Fox&Monkey
花道が風呂場から戻ってきたとき、流川は相変わらず毛布にくるまったままストーブの前に座っていた。テレビに向かってはいるけれど、その瞳はぼんやりしている。画面の中では、小さくなった10人がバスケットをしていた。
「何みてんだ?」
「…テキトー」
何かしたくて、花道にあげたビデオから適当に抜き出した。本当は見ただけでどこのチームのどの対戦かすぐにわかるのに。わかっていても、今の流川は理解していなかった。
「まだ部屋寒いか?」
「…別に」
口ではそう返事をしながら、流川は毛布から出ようとはしない。
試合に負けたあとの流川を見るのは、実はこれが初めてだった。
「髪乾かすから、そっち詰めろ」
小さなストーブを取り合って、ほとんど触れ合いながら座った。流川はため息をついただけで、離れては行かなかった。
赤い炎とブラウン管からの光以外ない部屋で、お互い顔を合わすことはなかなかできない。
「…オメー、いつもコートに行くんか?」
「……そー」
主語のない花道の質問に、流川はちゃんと答えた。
「去年の冬も?」
花道の横目に、流川が素直に頷いたのが見えた。
「インハイんときも?」
「…すぐに新幹線に乗った」
「…そっか」
花道の知らない試合。そのときの流川の顔も、もちろん知らない。
けれど、今はこの部屋にやってきた。
そのことが、花道はとても誇らしかった。キャプテンとして頼られたわけではないし、親友でもないけれど、流川の中でチームメイトとして位置づけられ、同じ辛さを乗り切ろうとしに来た気がしたから。
「…さっき…膝を故障した選手がいた…」
流川がそう言うだけで、花道もどのビデオのことかすぐにわかる。それくらい、繰り返し見ていた。
「タンカで運ばれて…手術して…」
その間、バスケットが出来なかったのだ、という言葉は、流川は口にしなかった。
この気持ちは、花道にも流川にも共通理解できるものだったから。
「アイツ、復帰したじゃねぇか」
「…アイツとか言うな、どあほう…」
尊敬するプレイヤーに関しては譲らない流川は、花道には驚きだった。認めた人物には結構尽くす男なのだと、花道は笑うしかできない。

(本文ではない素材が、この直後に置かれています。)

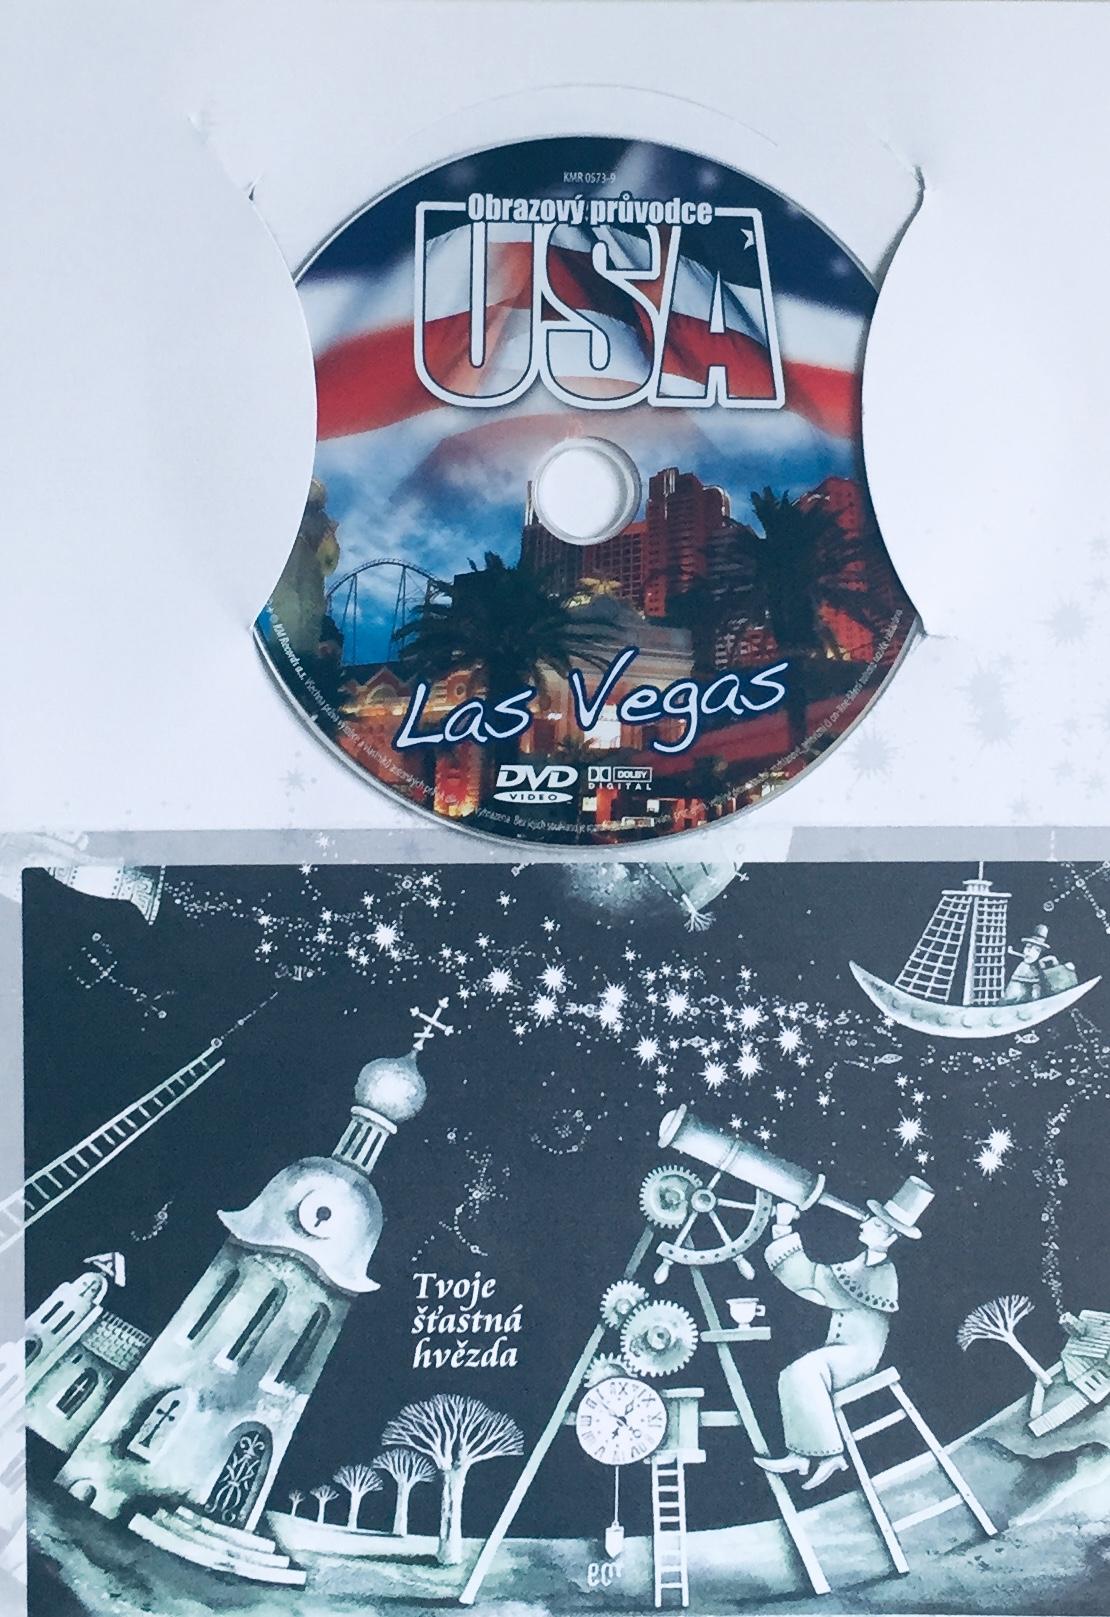 Obrazový průvodce - USA - Las Vegas - DVD /dárkový obal/
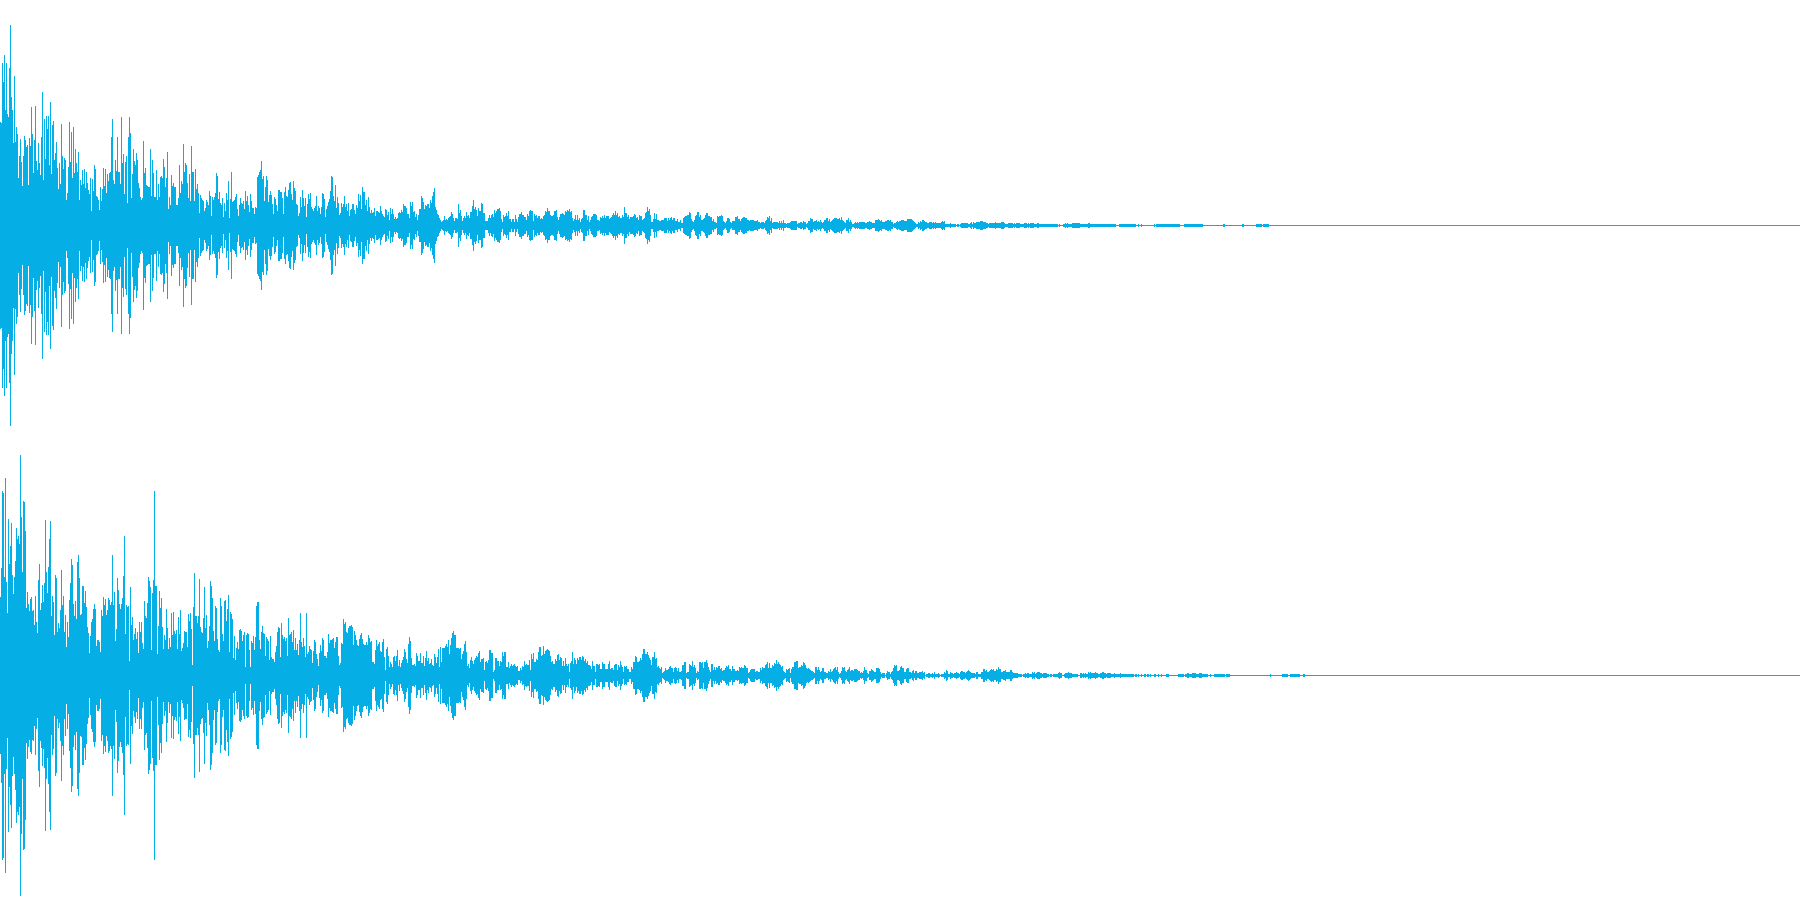 ドーン-37-2(インパクト音)の再生済みの波形

落ち込んだ様子のまま、自分のところにやってきた天敵は、花道の顔も見ないで自分を包むように座っている。いつもより小さく見えるその姿は、花道の優しい部分を引き出した。
毛布ごと、花道は流川を自分に引き寄せた。大人しく自分の肩に乗せられた頭からは、自分と同じシャンプーの匂いがする。花道は目を閉じて、両腕に力を込めた。
「…オメーも復活する。これからまた走ろうぜ」
頭頂部に直接伝えられた言葉を、流川は目を開けたまましっかりと聞いた。何度か瞬きしたあと、体からすっかり力を抜いた。そうしても温かい腕は倒れたりしないから。
「……テメーはシュート練習でもしてろ、ヘタクソ」
「こっ このヤロウ! オメ…」
花道の文句は、いきなりいつもの彼に戻った流川に遮られた。
毛布から顔だけ出した流川が、膝の上に降ってきた。